Я тоже думаю о других людях, как и Павлов. И вот я тоже попытался запечатлеть свое умирание, и в тексте отчитаться о нем человечеству. Даже дважды. Моя Катарина — о ней более подробно вы услышите ниже — стояла возле моей кровати, у нее были запасены бумага и химический карандаш для заметок (помню, что рот у Катарины от карандаша был лиловый), и диктофон был одолжен на случай, если в момент смерти я захочу шепнуть что-нибудь. Или вдруг затараторю так, что она не будет успевать записывать. И вскоре Катариночка только и делала, что вопрошала, дескать, не стало ли темнеть и не видать ли тоннеля какого, или как оно вообще? По ее лицу можно было понять, что Катарина была готова почти что совсем искренне пойти туда, в тоннель, вместе со мной. Не знаю, происходило ли это желание от ее чувств (я предпочел бы поверить в это) ко мне или она просто мучилась завистью, что не сможет увидеть то, что скоро увижу я, будучи в привилегированном положении. Но в те два раза, когда я собрался умирать, из моего умирания ничего не вышло — первый раз у меня было рыбное отравление, во второй — водочное. В этот второй раз я, недолго думая, выпил полную бутылку водки, чтобы узнать, какое от этого бывает удовольствие. А до того я водки-то в рот не брал. Удовольствия я так и не понял. Зато теперь я знаю, какое чувство бывает через некоторое время после питья. На другое утро после того, как я употребил алкоголь столь безумным образом (тогда моя Катарина и пришла меня навестить), и моя плоть, и мой дух были безгранично больны и я ждал смерти.
Но в то же время у меня хватило ума заметить, что во мне пробудилось то, что церковники очень рекомендуют людям — так называемое смирение. Моя гордыня была сломлена. И о Боге я думал более растроганно, чем обыкновенно. И гораздо смиреннее. Так что, исходя из этого аспекта или угла зрения, кажется, что выпивка ("бухач", как иногда говорят молодые) грех в какой-то мере положительный. Спесивцам надо бы почаще напиваться до положения риз — тогда они непременно, — может, даже со слезами на глазах, — давали бы себе обещания впредь
ALEA IACTA EST — ЖРЕБИЙ БРОШЕН
Утверждают, что собака возвращается на то место, где ее вырвало.

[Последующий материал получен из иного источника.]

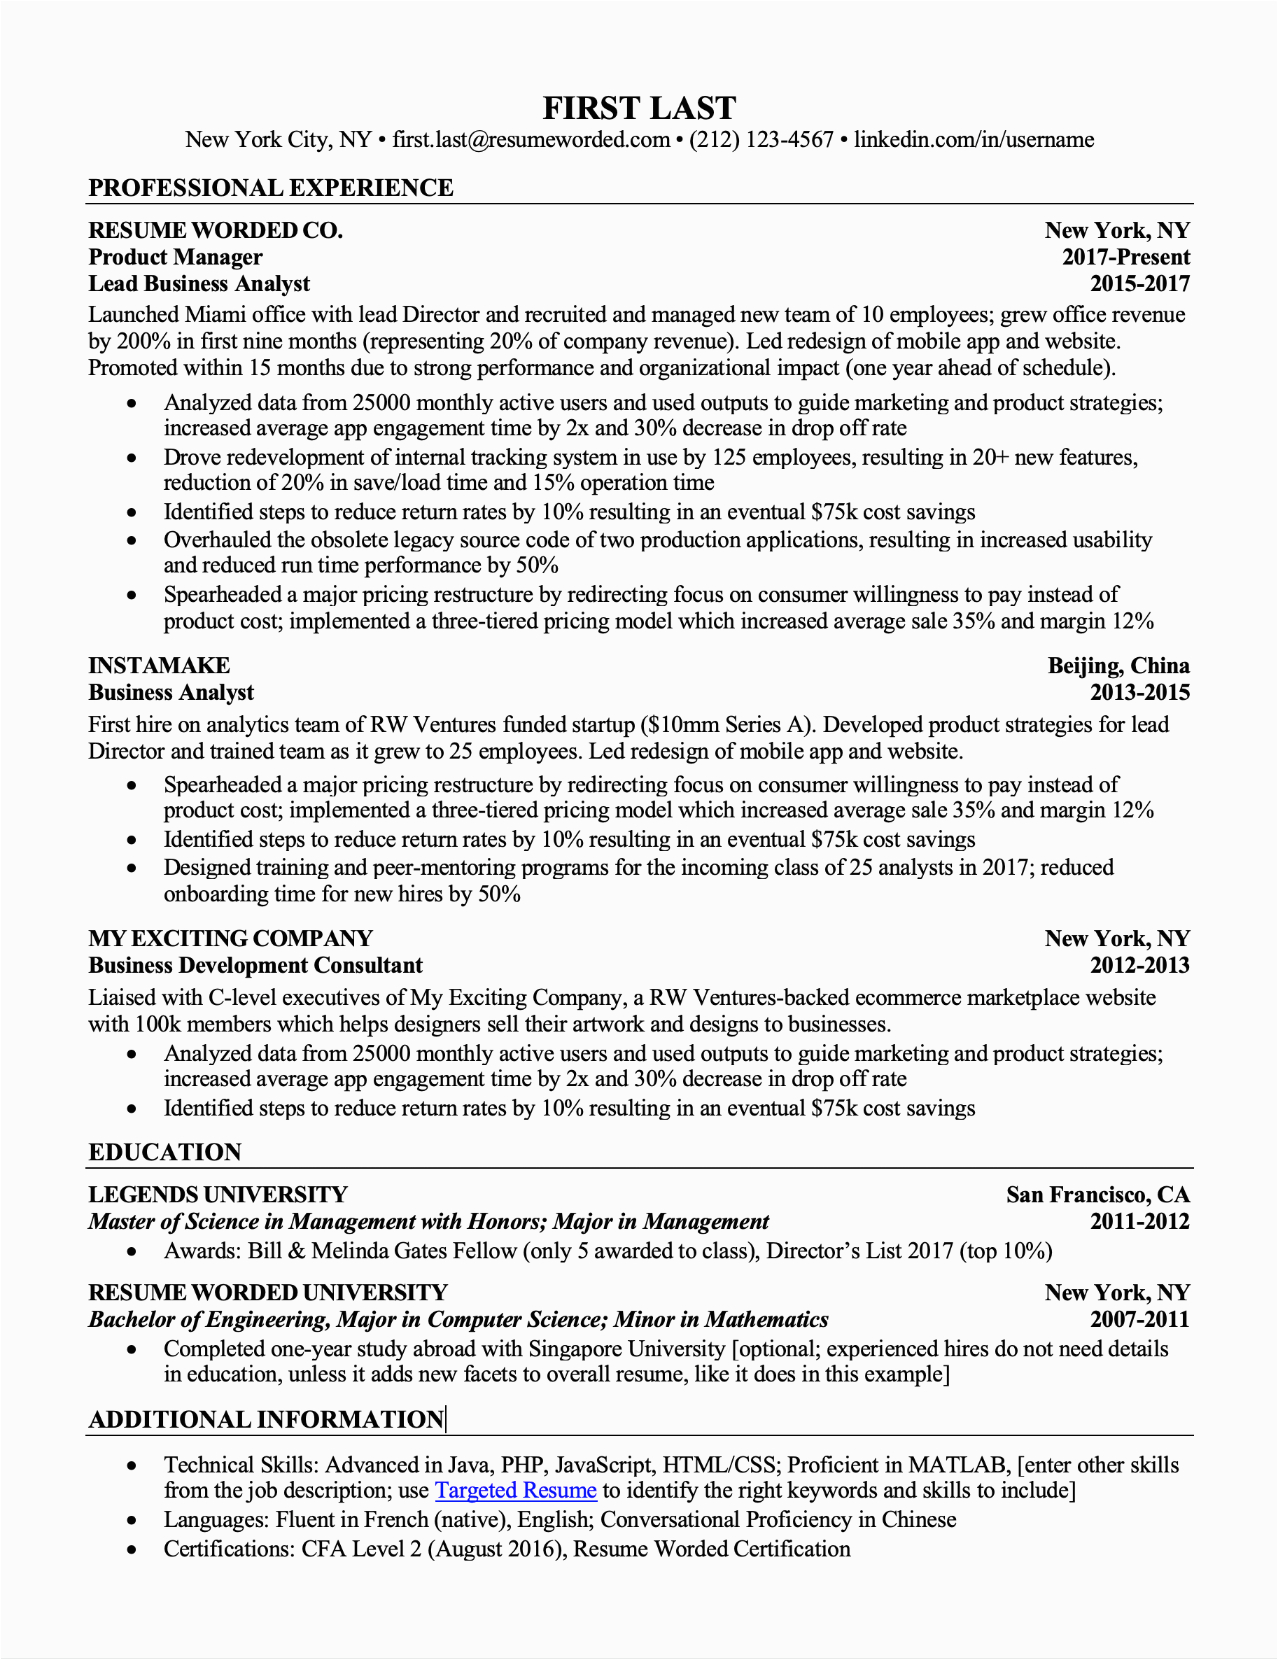 Resume Template for A Lot Of Experience Work Experience Resume format for Experienced the 2

Странное дело, как только ингерманландка Лиза со своим усачом пропала с нашего двора, я обнаружил себя почему-то на чердаке, с которым меня отныне связывали прямо-таки мерзкие воспоминания. Но я был там. Вдохнул горьковато-сладкий аромат сушившихся табачных листьев и присел на страшно старый расшатанный стул, из прогнившей обшивки которого в мои голые ляжки воткнулись острые конские волосы. Гораздо более приятного кривоногого дивана с поблекшей обшивкой (в наши дни этот стиль называют крестьянский модерн) я все же избегал: ведь там валялась эта…
А вообще-то одному тут было уютно, как и в прежние времена.

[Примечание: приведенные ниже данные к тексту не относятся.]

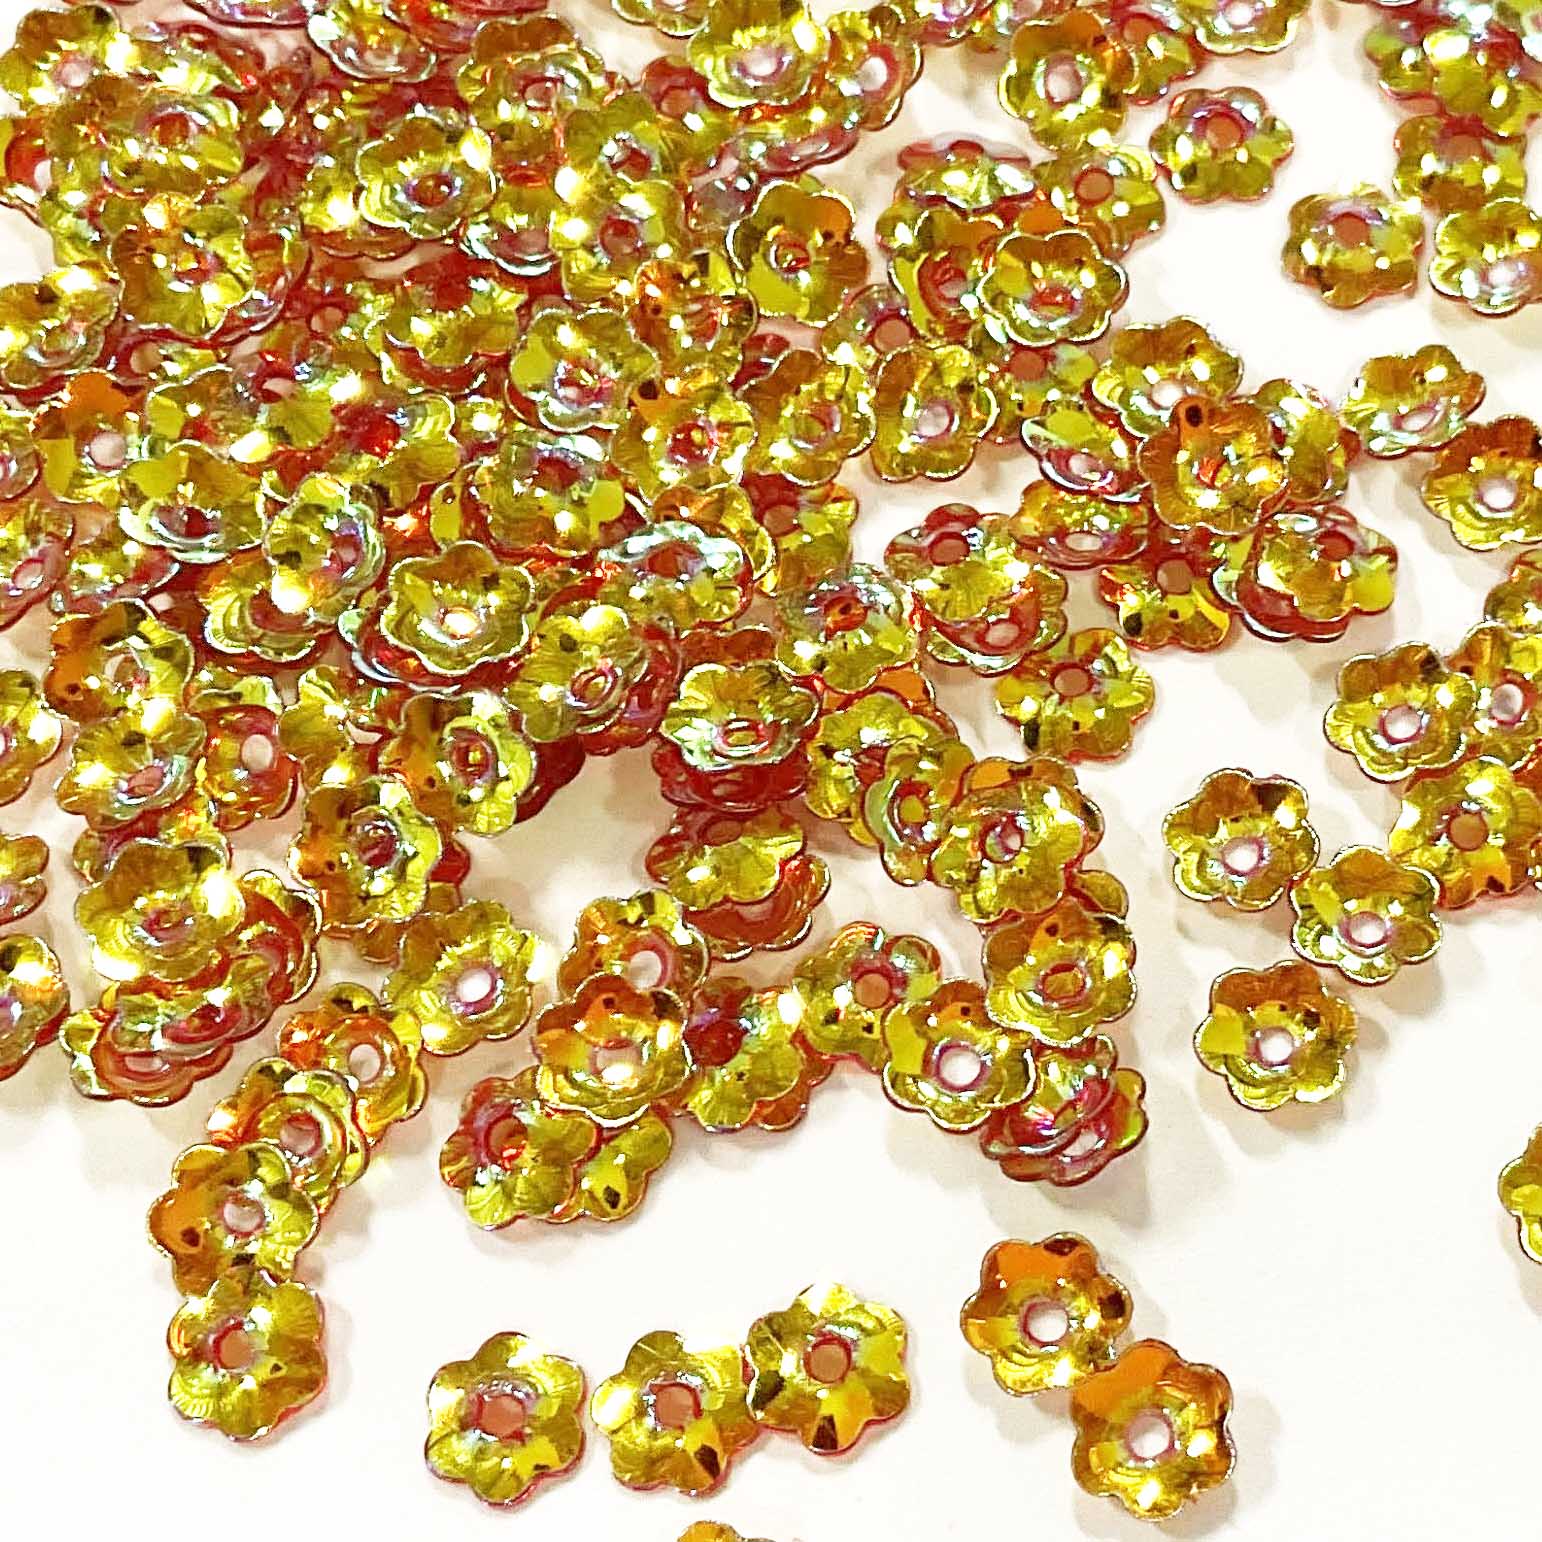 www.colourstreams.com.au Colour Streams Sequins Embellishments Costumes Mardi Gras Dancing Ballet Theatre Shows Drag Queen Bling S152 Flower Red Gold Lights Iridescent Reflective Golds Reds 6mm

На земляном полу лежали заржавевшие инструменты, иссиня-серебристые радиолампы минувших времен, старый сепаратор, телефон с деревянной коробкой и ручкой, целая груда больших запыленных стеклянных аккумуляторов, которые в позапрошлом веке — подумать только! тогда еще писали 189… — питали своим током радио с наушниками, сделанное дедом.

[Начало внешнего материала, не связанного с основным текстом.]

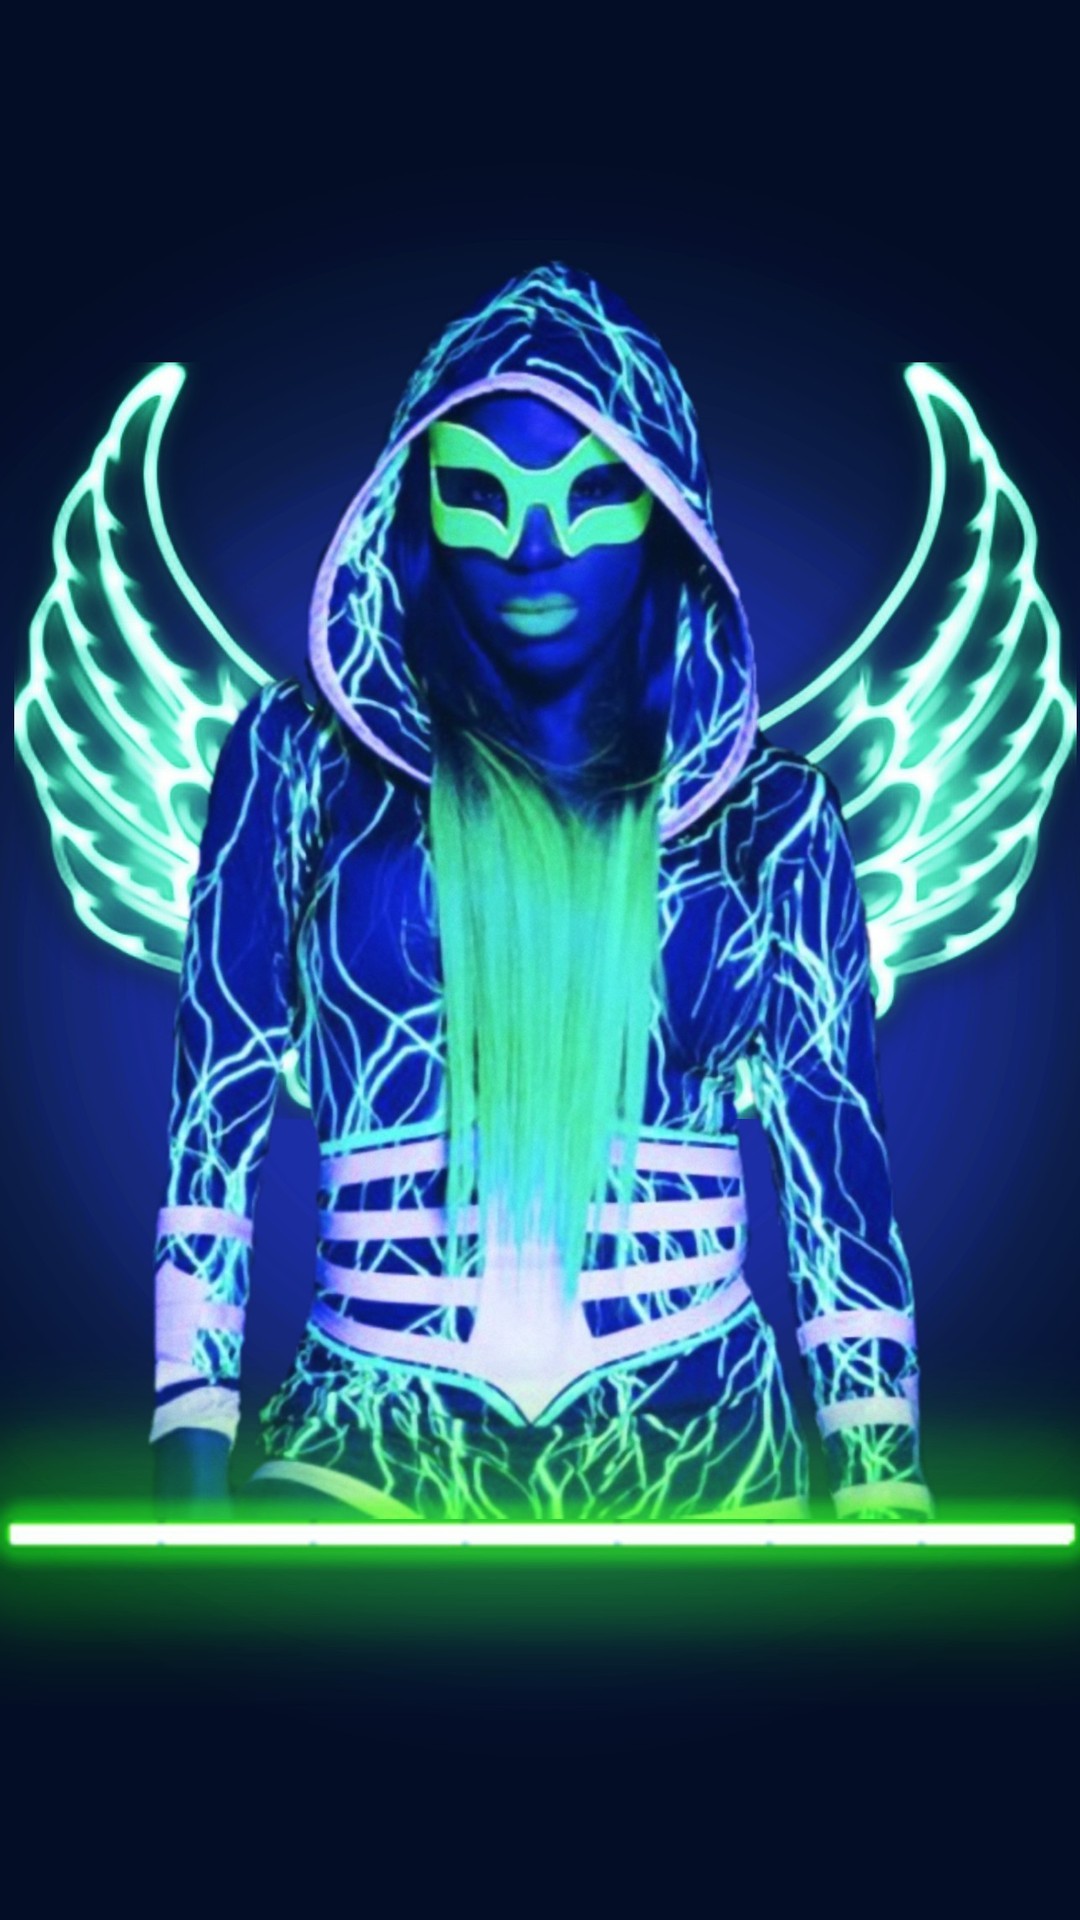 Naomi Wwe Wallpaper Posted By Michelle Sellers

В детстве наш чердак делился для меня на две разные зоны — безопасную и жутковатую. Полутемный дальний угол представлял собой участок, из-за которого в вечерних сумерках я избегал появляться на чердаке: через стропилину была переброшена старая пропыленная и высохшая до хруста лошадиная шкура; особенно страшным был длинный черный хвост, но отвращение вызывали и окруженные шишками дыры там и сям; спросив о них у бабушки, я узнал, что "это, видно, те места, куда эти самые оводы когда-то отложили свои яйца; из яиц же вылупляются личинки, они-то и проели дыры в лошадиной шкуре". Теперь мне стало ясно, отчего животные бегают от оводов, иной раз прямо дичают: видимо, знают, какие муки им грозят — черви будут пожирать живое мясо. Из-за этой вот шкуры я маленьким мальчиком и не решался забираться на чердак. Но здесь было и несколько бокастых одежных сундуков — молчаливых и таинственных. Их я тоже в детстве боялся, потому что мне рассказывали, будто где-то на соседнем хуторе когда-то давно один маленький мальчик забрался в сундук, а потом крышка захлопнулась, да еще и замок закрылся. Мальчика потом нашли задохнувшимся… Такая вещь вполне могла случиться, но мне ее рассказали, как водится, для того, чтобы я попусту не рылся в сундуках. Да и не смел я поднимать тяжелые, скрипучие крышки — вдруг да под ними какой-нибудь скелет.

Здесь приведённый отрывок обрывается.